◆ **Problem description**
Two lines in the data below mark the range: the one with "Leta 1929 je" and the one with "Mccal joy eye demo". Return both, along with every line between them, exactly.

Data excerpts:
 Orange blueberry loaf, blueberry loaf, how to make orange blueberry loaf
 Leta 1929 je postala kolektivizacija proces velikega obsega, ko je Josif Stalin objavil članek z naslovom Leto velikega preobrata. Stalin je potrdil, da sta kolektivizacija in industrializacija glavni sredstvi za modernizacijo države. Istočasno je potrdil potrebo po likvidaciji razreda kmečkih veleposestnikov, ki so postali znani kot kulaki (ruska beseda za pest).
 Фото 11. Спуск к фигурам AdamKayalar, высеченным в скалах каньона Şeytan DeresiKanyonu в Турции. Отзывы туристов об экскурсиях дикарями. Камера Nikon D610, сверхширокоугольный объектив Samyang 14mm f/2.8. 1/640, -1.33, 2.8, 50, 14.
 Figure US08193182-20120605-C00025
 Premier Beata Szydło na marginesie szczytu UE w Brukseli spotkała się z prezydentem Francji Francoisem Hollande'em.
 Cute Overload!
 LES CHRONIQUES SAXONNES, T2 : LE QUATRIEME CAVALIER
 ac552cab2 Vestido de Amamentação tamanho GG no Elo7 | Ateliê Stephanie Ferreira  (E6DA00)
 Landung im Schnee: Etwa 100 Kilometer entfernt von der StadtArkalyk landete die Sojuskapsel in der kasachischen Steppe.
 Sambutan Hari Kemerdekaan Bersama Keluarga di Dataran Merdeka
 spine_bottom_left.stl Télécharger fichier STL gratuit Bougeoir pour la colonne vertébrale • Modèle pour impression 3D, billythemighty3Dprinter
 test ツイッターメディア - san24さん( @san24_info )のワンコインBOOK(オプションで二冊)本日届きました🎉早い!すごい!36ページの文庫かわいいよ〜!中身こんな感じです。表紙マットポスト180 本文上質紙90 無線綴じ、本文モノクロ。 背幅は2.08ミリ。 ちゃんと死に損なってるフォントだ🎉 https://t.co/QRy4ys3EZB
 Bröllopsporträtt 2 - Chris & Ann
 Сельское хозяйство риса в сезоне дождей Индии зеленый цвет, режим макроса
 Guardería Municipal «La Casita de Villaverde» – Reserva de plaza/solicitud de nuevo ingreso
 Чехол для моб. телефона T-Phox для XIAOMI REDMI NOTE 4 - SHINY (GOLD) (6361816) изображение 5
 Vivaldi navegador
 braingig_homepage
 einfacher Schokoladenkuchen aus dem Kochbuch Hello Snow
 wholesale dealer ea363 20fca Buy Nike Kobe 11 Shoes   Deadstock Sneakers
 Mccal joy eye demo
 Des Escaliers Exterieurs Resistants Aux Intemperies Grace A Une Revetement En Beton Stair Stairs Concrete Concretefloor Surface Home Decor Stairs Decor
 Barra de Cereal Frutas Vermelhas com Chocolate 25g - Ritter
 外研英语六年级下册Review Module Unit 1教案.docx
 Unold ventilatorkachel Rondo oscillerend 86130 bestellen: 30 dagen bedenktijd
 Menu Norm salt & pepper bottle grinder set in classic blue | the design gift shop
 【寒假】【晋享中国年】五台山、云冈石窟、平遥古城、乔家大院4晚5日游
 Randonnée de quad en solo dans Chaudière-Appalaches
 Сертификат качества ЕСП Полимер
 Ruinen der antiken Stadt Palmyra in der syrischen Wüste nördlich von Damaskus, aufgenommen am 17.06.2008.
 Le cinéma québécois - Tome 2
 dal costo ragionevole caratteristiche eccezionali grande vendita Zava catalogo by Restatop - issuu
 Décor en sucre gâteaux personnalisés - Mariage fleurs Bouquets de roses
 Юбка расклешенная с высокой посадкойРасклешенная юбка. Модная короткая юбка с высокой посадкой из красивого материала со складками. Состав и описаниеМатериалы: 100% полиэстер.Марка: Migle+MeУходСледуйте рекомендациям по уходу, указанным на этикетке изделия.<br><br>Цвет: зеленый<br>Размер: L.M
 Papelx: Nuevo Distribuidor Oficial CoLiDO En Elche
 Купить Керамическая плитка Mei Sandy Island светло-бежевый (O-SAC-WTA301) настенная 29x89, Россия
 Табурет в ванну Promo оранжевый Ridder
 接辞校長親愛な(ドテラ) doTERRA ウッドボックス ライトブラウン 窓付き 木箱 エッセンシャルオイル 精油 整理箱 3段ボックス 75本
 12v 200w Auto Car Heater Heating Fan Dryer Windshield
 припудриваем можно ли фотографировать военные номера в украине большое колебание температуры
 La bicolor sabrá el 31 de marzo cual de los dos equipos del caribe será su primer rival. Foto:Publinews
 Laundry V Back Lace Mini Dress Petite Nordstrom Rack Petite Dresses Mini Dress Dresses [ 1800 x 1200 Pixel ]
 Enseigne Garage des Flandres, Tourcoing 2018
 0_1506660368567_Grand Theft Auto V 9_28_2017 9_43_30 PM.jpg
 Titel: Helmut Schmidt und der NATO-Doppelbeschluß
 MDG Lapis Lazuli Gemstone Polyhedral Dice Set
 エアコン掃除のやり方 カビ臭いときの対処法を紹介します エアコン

◆ **Worked solution**
 Leta 1929 je postala kolektivizacija proces velikega obsega, ko je Josif Stalin objavil članek z naslovom Leto velikega preobrata. Stalin je potrdil, da sta kolektivizacija in industrializacija glavni sredstvi za modernizacijo države. Istočasno je potrdil potrebo po likvidaciji razreda kmečkih veleposestnikov, ki so postali znani kot kulaki (ruska beseda za pest).
 Фото 11. Спуск к фигурам AdamKayalar, высеченным в скалах каньона Şeytan DeresiKanyonu в Турции. Отзывы туристов об экскурсиях дикарями. Камера Nikon D610, сверхширокоугольный объектив Samyang 14mm f/2.8. 1/640, -1.33, 2.8, 50, 14.
 Figure US08193182-20120605-C00025
 Premier Beata Szydło na marginesie szczytu UE w Brukseli spotkała się z prezydentem Francji Francoisem Hollande'em.
 Cute Overload!
 LES CHRONIQUES SAXONNES, T2 : LE QUATRIEME CAVALIER
 ac552cab2 Vestido de Amamentação tamanho GG no Elo7 | Ateliê Stephanie Ferreira  (E6DA00)
 Landung im Schnee: Etwa 100 Kilometer entfernt von der StadtArkalyk landete die Sojuskapsel in der kasachischen Steppe.
 Sambutan Hari Kemerdekaan Bersama Keluarga di Dataran Merdeka
 spine_bottom_left.stl Télécharger fichier STL gratuit Bougeoir pour la colonne vertébrale • Modèle pour impression 3D, billythemighty3Dprinter
 test ツイッターメディア - san24さん( @san24_info )のワンコインBOOK(オプションで二冊)本日届きました🎉早い!すごい!36ページの文庫かわいいよ〜!中身こんな感じです。表紙マットポスト180 本文上質紙90 無線綴じ、本文モノクロ。 背幅は2.08ミリ。 ちゃんと死に損なってるフォントだ🎉 https://t.co/QRy4ys3EZB
 Bröllopsporträtt 2 - Chris & Ann
 Сельское хозяйство риса в сезоне дождей Индии зеленый цвет, режим макроса
 Guardería Municipal «La Casita de Villaverde» – Reserva de plaza/solicitud de nuevo ingreso
 Чехол для моб. телефона T-Phox для XIAOMI REDMI NOTE 4 - SHINY (GOLD) (6361816) изображение 5
 Vivaldi navegador
 braingig_homepage
 einfacher Schokoladenkuchen aus dem Kochbuch Hello Snow
 wholesale dealer ea363 20fca Buy Nike Kobe 11 Shoes   Deadstock Sneakers
 Mccal joy eye demo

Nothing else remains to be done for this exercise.